After locating the line that holds "Die Mitte jedes", repeat it and each following line exactly until the material ends, skipping pictures.

» **SUPPLIED MATERIAL**:
========

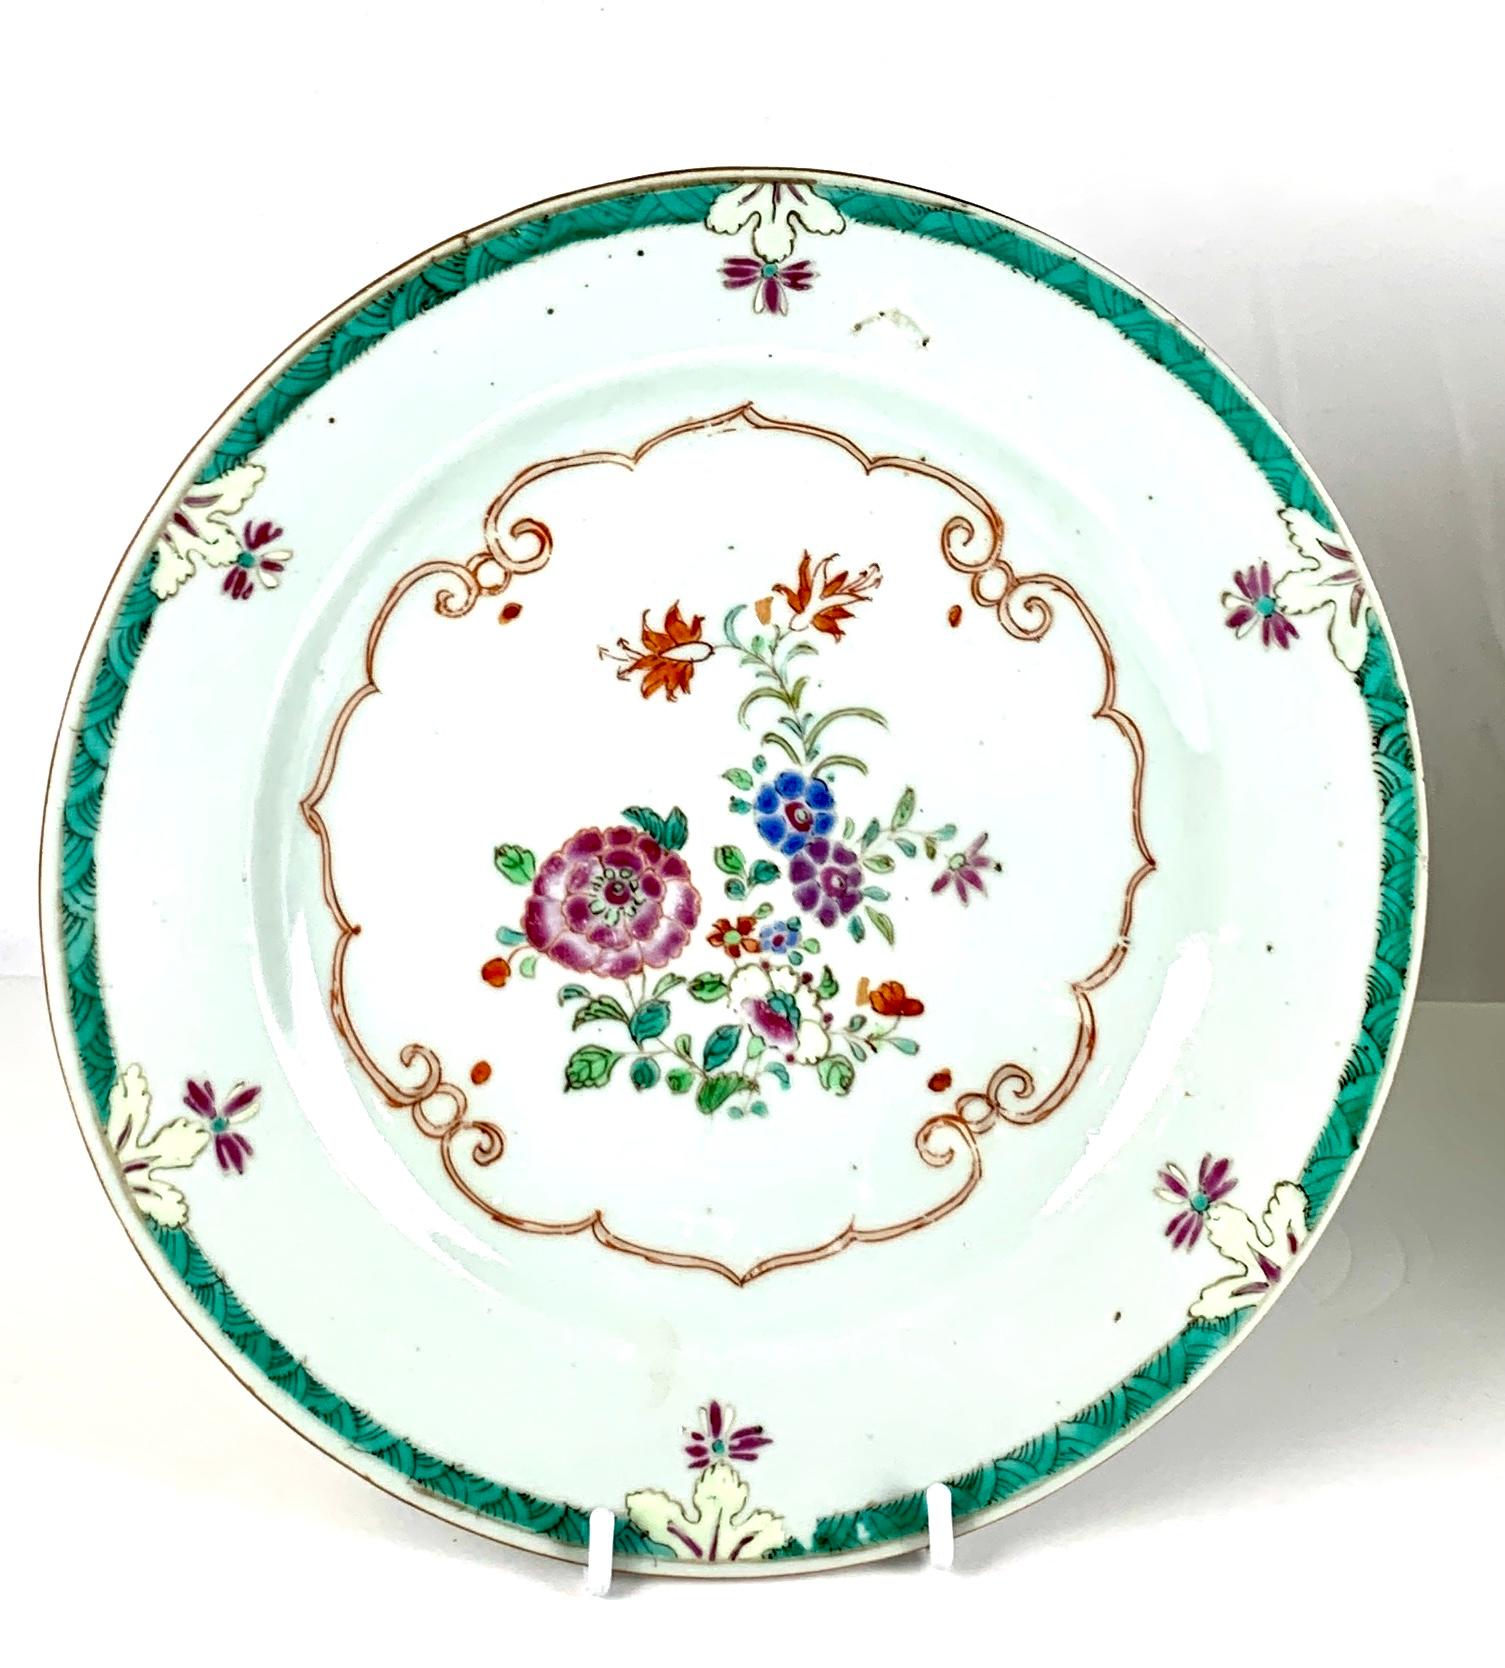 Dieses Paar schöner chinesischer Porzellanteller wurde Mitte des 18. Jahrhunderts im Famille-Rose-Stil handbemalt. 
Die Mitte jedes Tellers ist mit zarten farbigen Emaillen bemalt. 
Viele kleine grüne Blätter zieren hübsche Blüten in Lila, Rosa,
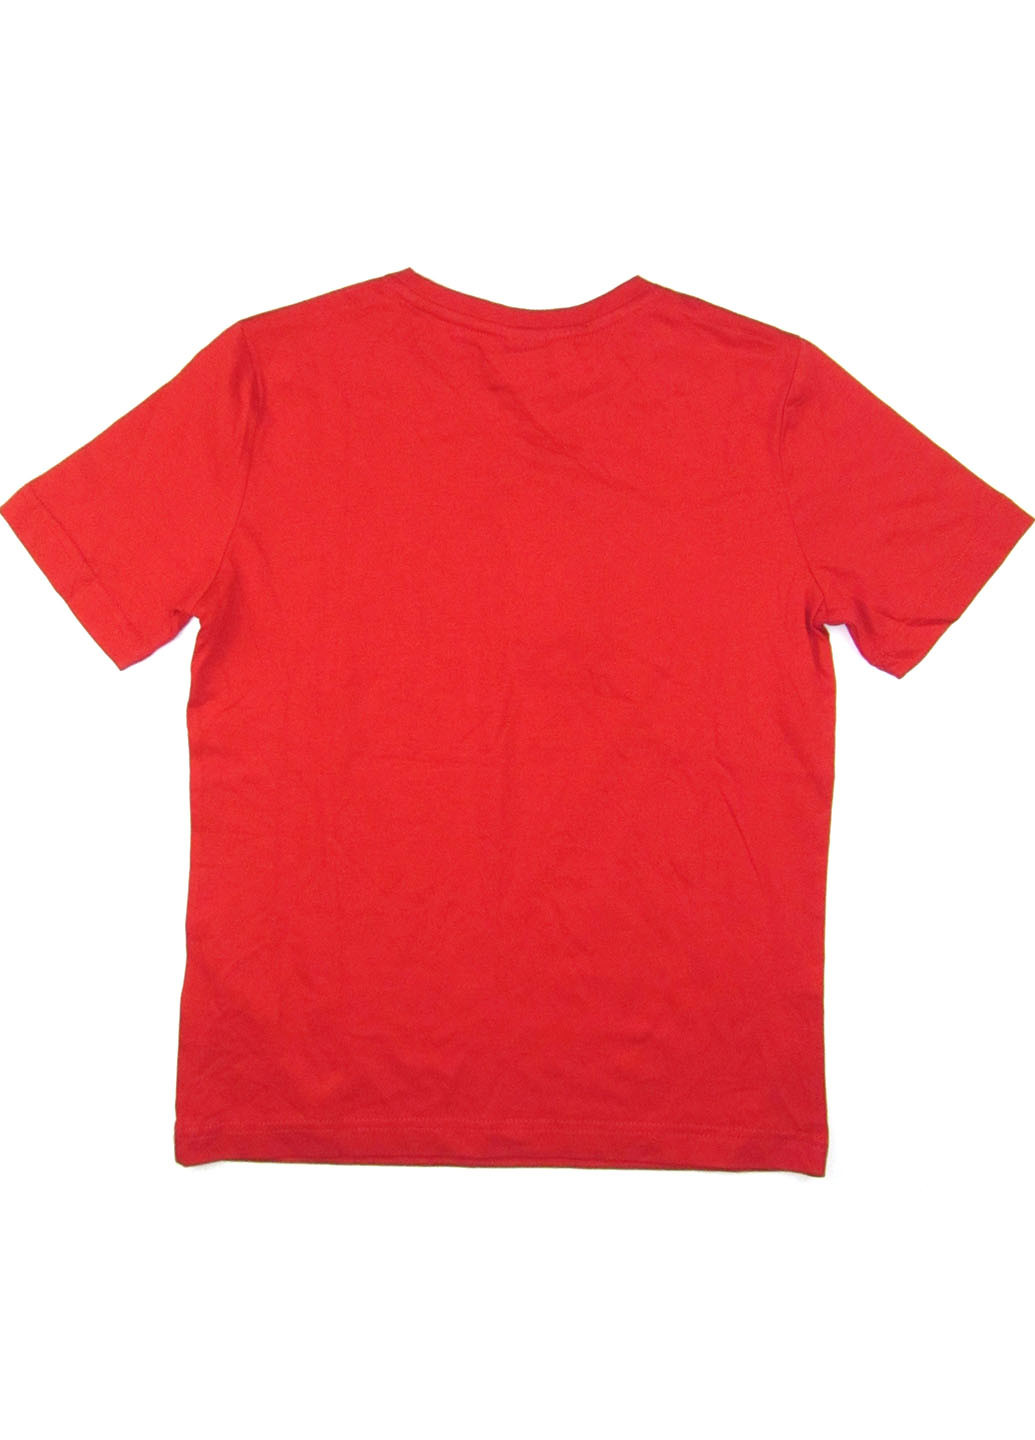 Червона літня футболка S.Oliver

========

» **EXERCISE OUTPUT**:
Die Mitte jedes Tellers ist mit zarten farbigen Emaillen bemalt. 
Viele kleine grüne Blätter zieren hübsche Blüten in Lila, Rosa,
 Червона літня футболка S.Oliver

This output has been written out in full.